A look at the Ruling of the trial Court in question reveals that the Court properly evaluated the evidence in support of the application, which was principally contained in the affidavit in support of the application dated 13th September, 2011, found at page 144 of the records. The Court identified the main issues at stake, sifted the relevant facts and applied the correct principles of law.
A look at paragraphs 36, 37 and 38 of the Appellant’s Amended Statement of Claim at page 18 of the records, reveal that they border on the alleged way in which the Deceased Defendant spent the money which the Respondent ought to have remitted to the Appellant.
I therefore do not find any basis to disturb the findings of the lower Court on the evidence placed before it. This issue is also resolved against the Appellant.
In summation, I find the Appeal as lacking in merit and same is dismissed. The Ruling of the lower Court delivered on 1st June 2012 is affirmed. Parties to bear their respective costs of prosecution the Appeal.

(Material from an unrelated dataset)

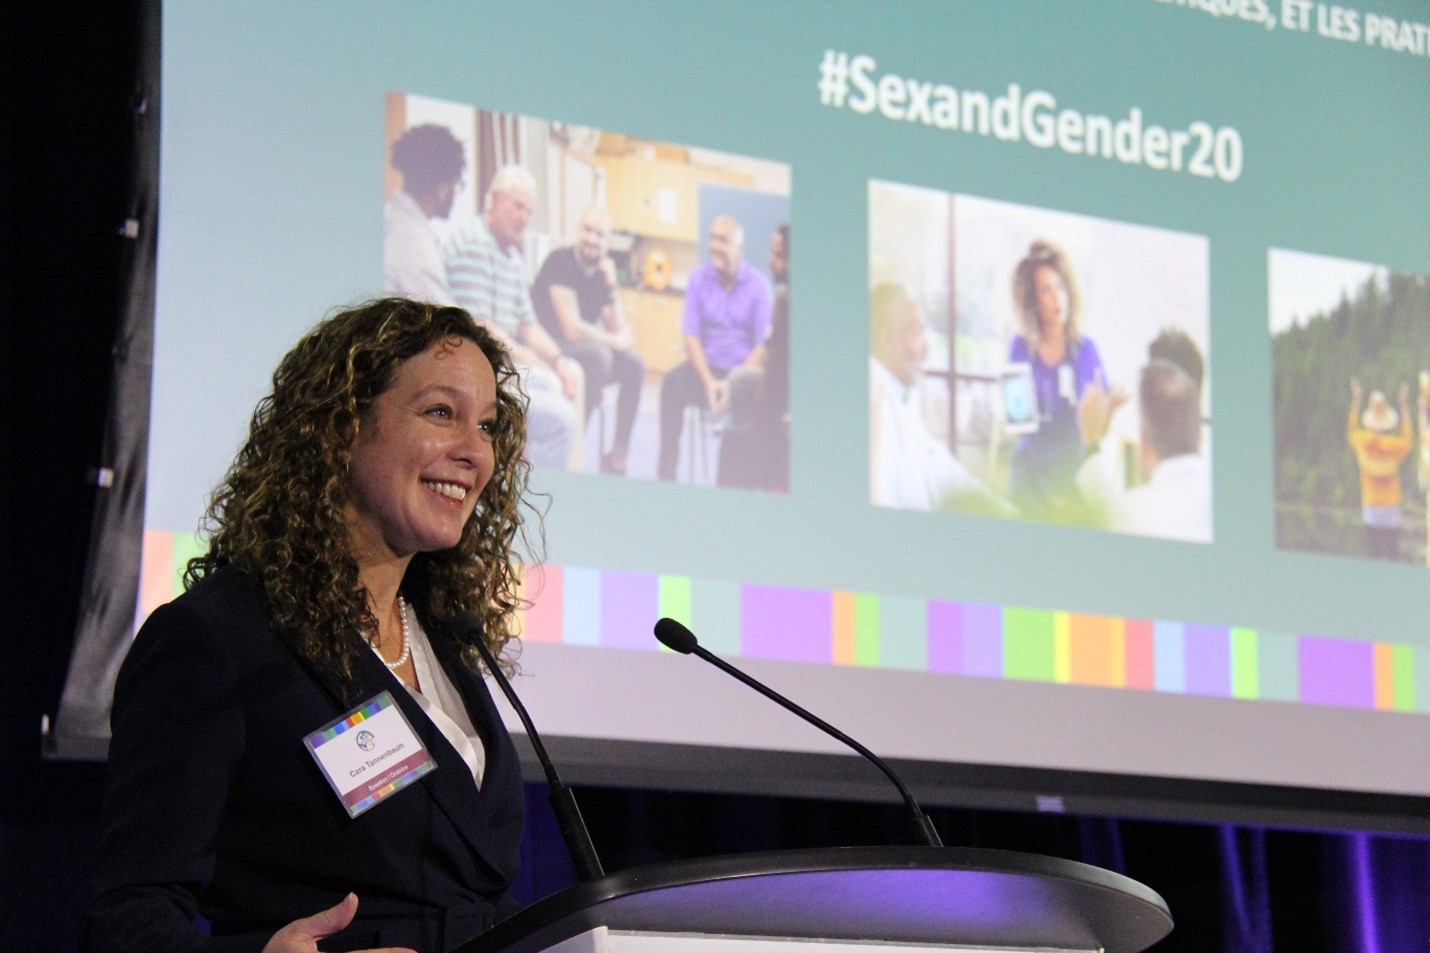 La Dre Cara Tannenbaum, debout sur un podium, regarde en avant et sourit. Derrière elle, un écran affiche des images colorées et le texte suivant : #SexAndGender20.

TOM SHAIBU YAKUBU, J.C.A.: I had the advantage of a preview of the judgment rendered by my learned brother, JAMILU YAMMAMA TUKUR, J.C.A. I am in agreement with the resolutions of the issues thrown up in the appeal by his Lordship.
I, too dismiss the appeal for being devoid of merits. Each side shall bear own costs.
GABRIEL OMONIYI KOLAWOLE, J.C.A.: I have had the privilege of reading in advance, the lead judgment just delivered by my learned brother, JAMILU YAMMAMA TUKUR, J.C.A. wherein he dismissed the appeal of the Appellant which was in fact argued only on the Appellant’s Brief of Argument.
I really have nothing of value to add to the clear analysis and reasoning of my learned brother with which I concur that the instant appeal lacks merit and should be dismissed. I abide with the order as to cost made in the lead judgment.